→ **WORK INSTRUCTION**: In the material below, find the line with "Nègre - Californie" and the line with "Ladekantenschutz V2A schwarz", then output both and every line between them exactly, omitting pictures.

++++ RECORDED INFORMATION

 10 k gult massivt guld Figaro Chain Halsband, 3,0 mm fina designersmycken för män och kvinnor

++++++++
++++ RECORDED INFORMATION

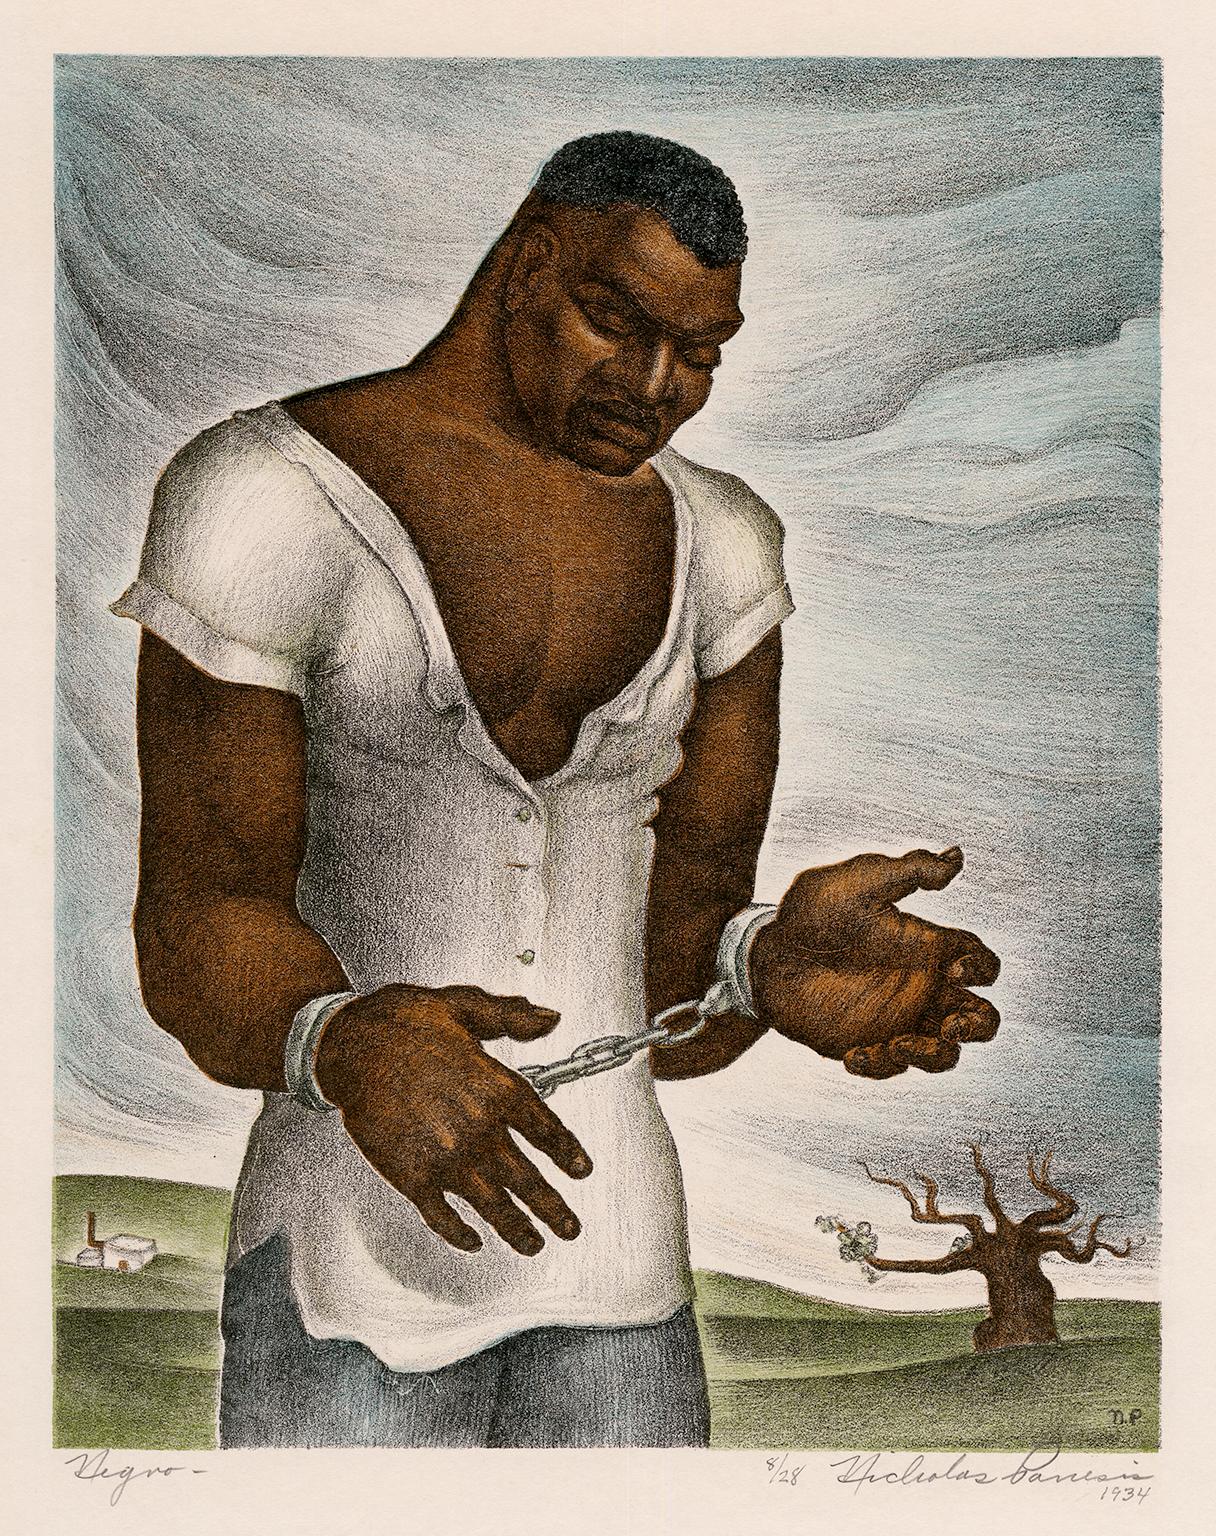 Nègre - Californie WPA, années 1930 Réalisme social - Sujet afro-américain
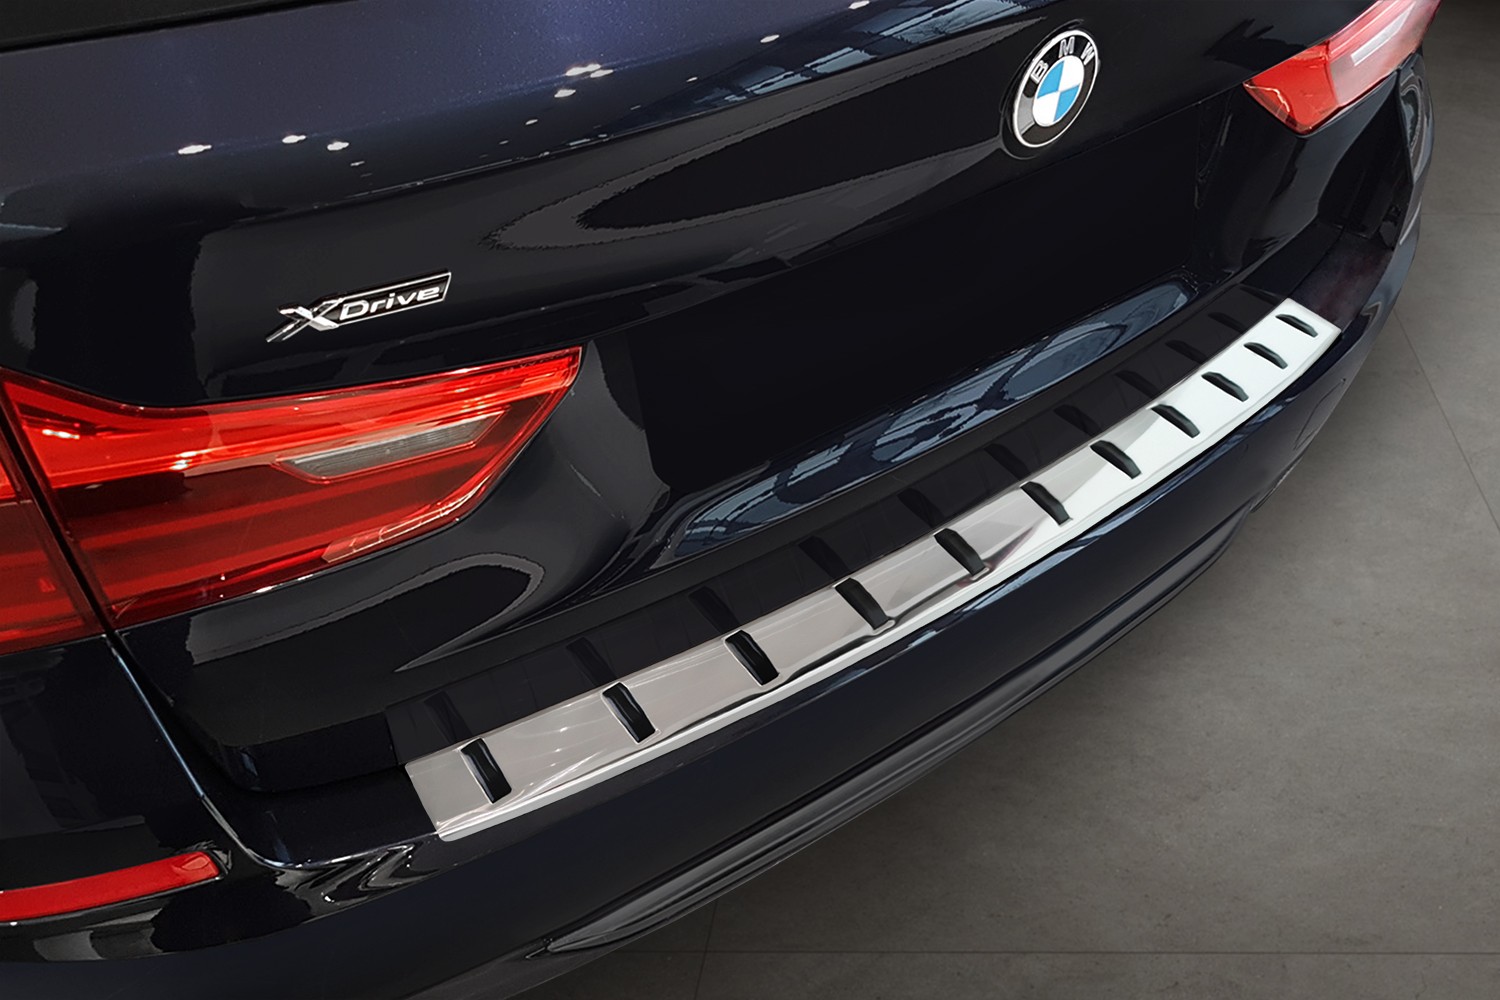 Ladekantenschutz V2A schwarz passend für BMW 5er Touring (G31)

++++++++
++++ RECORDED INFORMATION

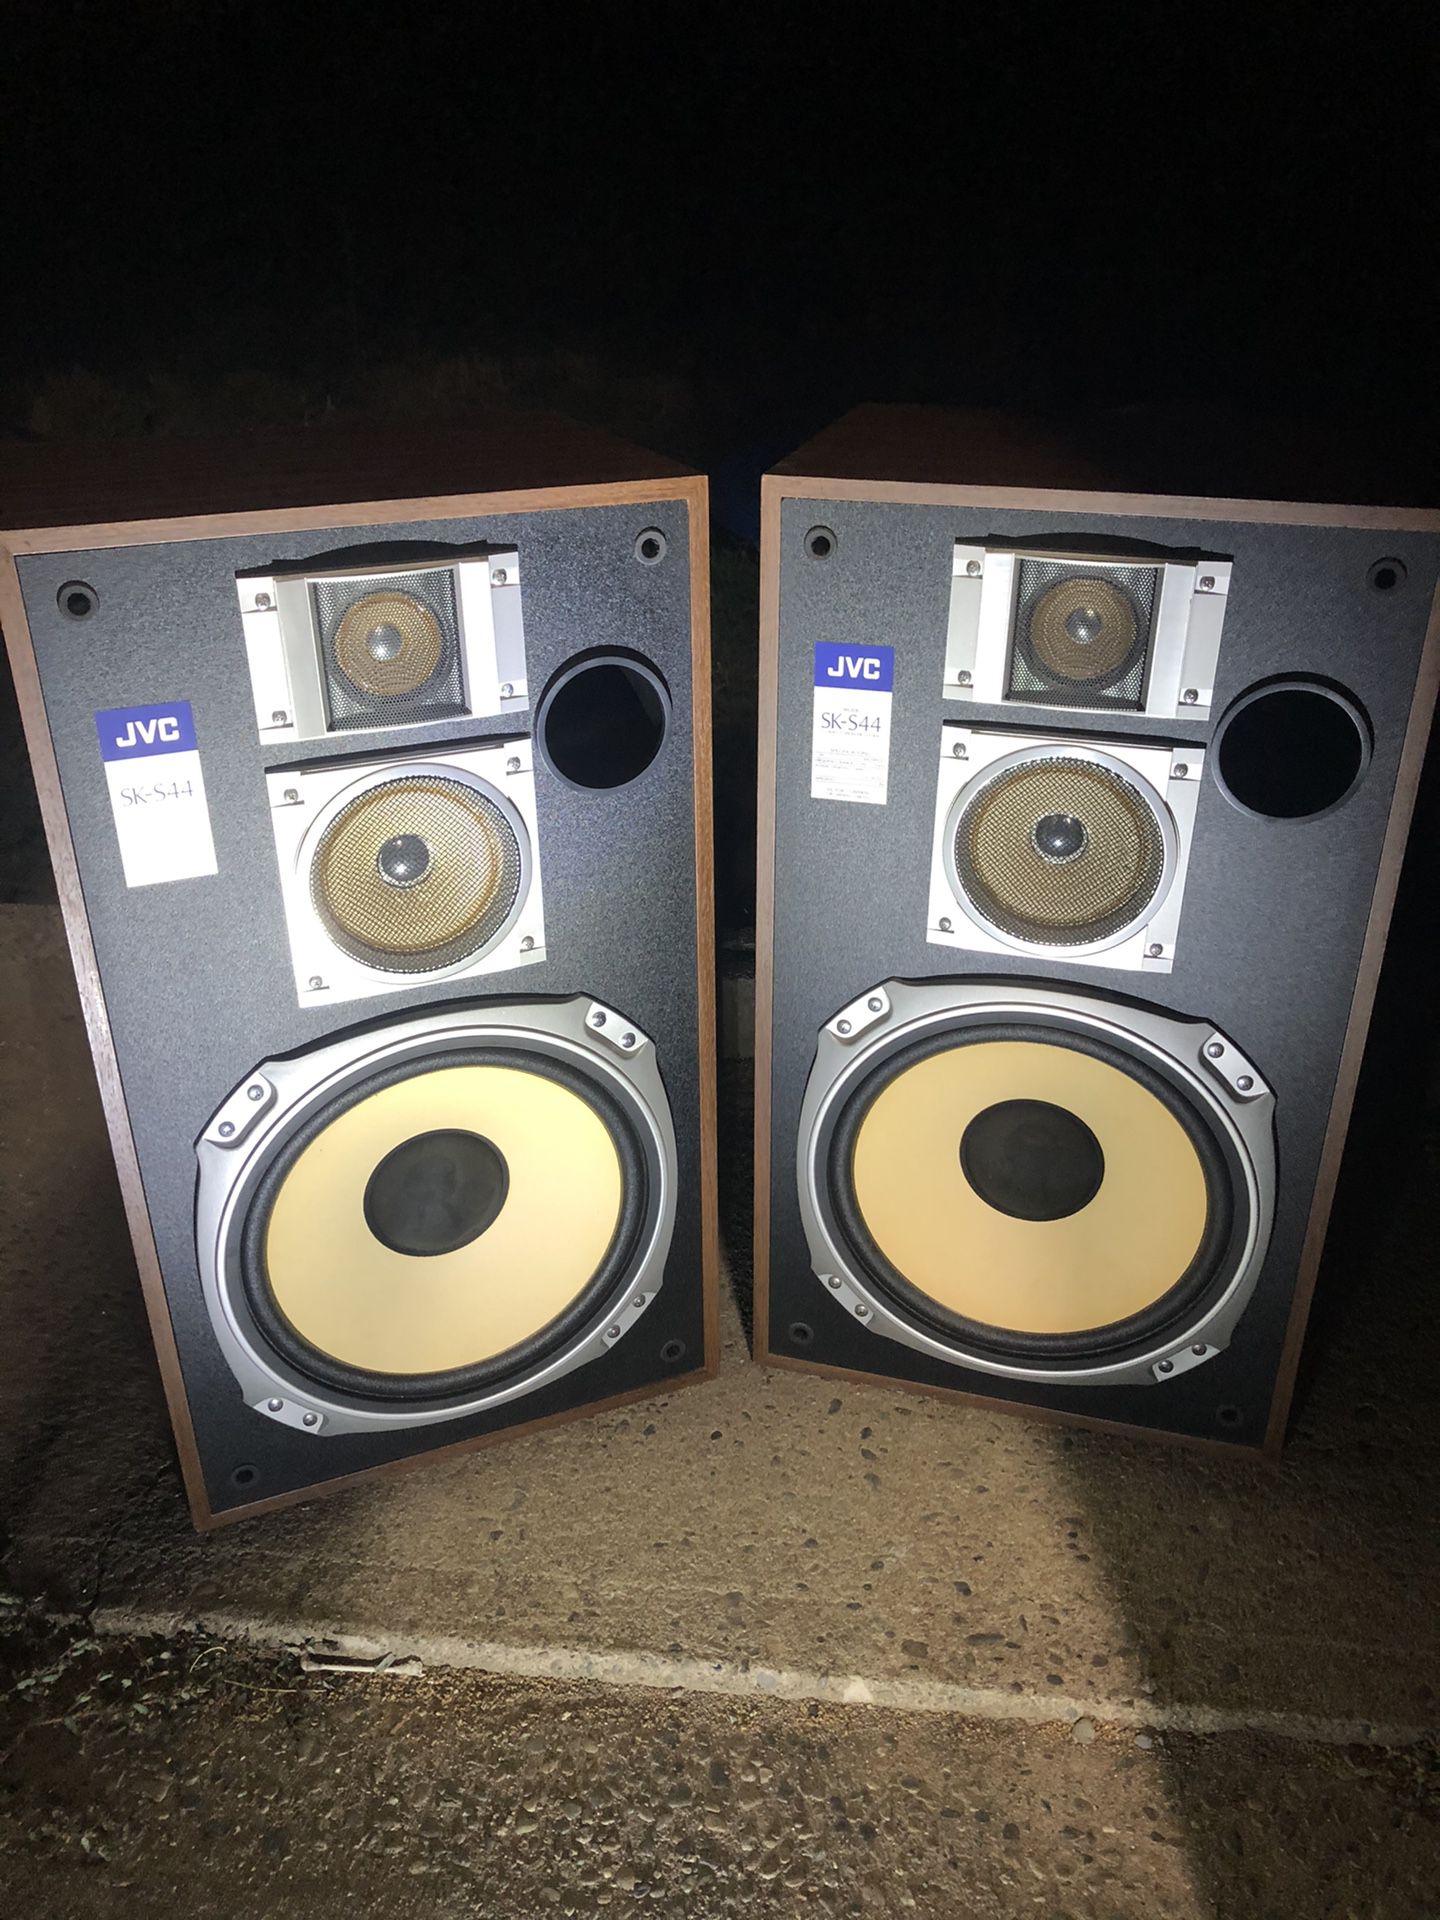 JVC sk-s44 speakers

++++++++

→ **ANSWER TO THE EXERCISE**:
 Nègre - Californie WPA, années 1930 Réalisme social - Sujet afro-américain
 Ladekantenschutz V2A schwarz passend für BMW 5er Touring (G31)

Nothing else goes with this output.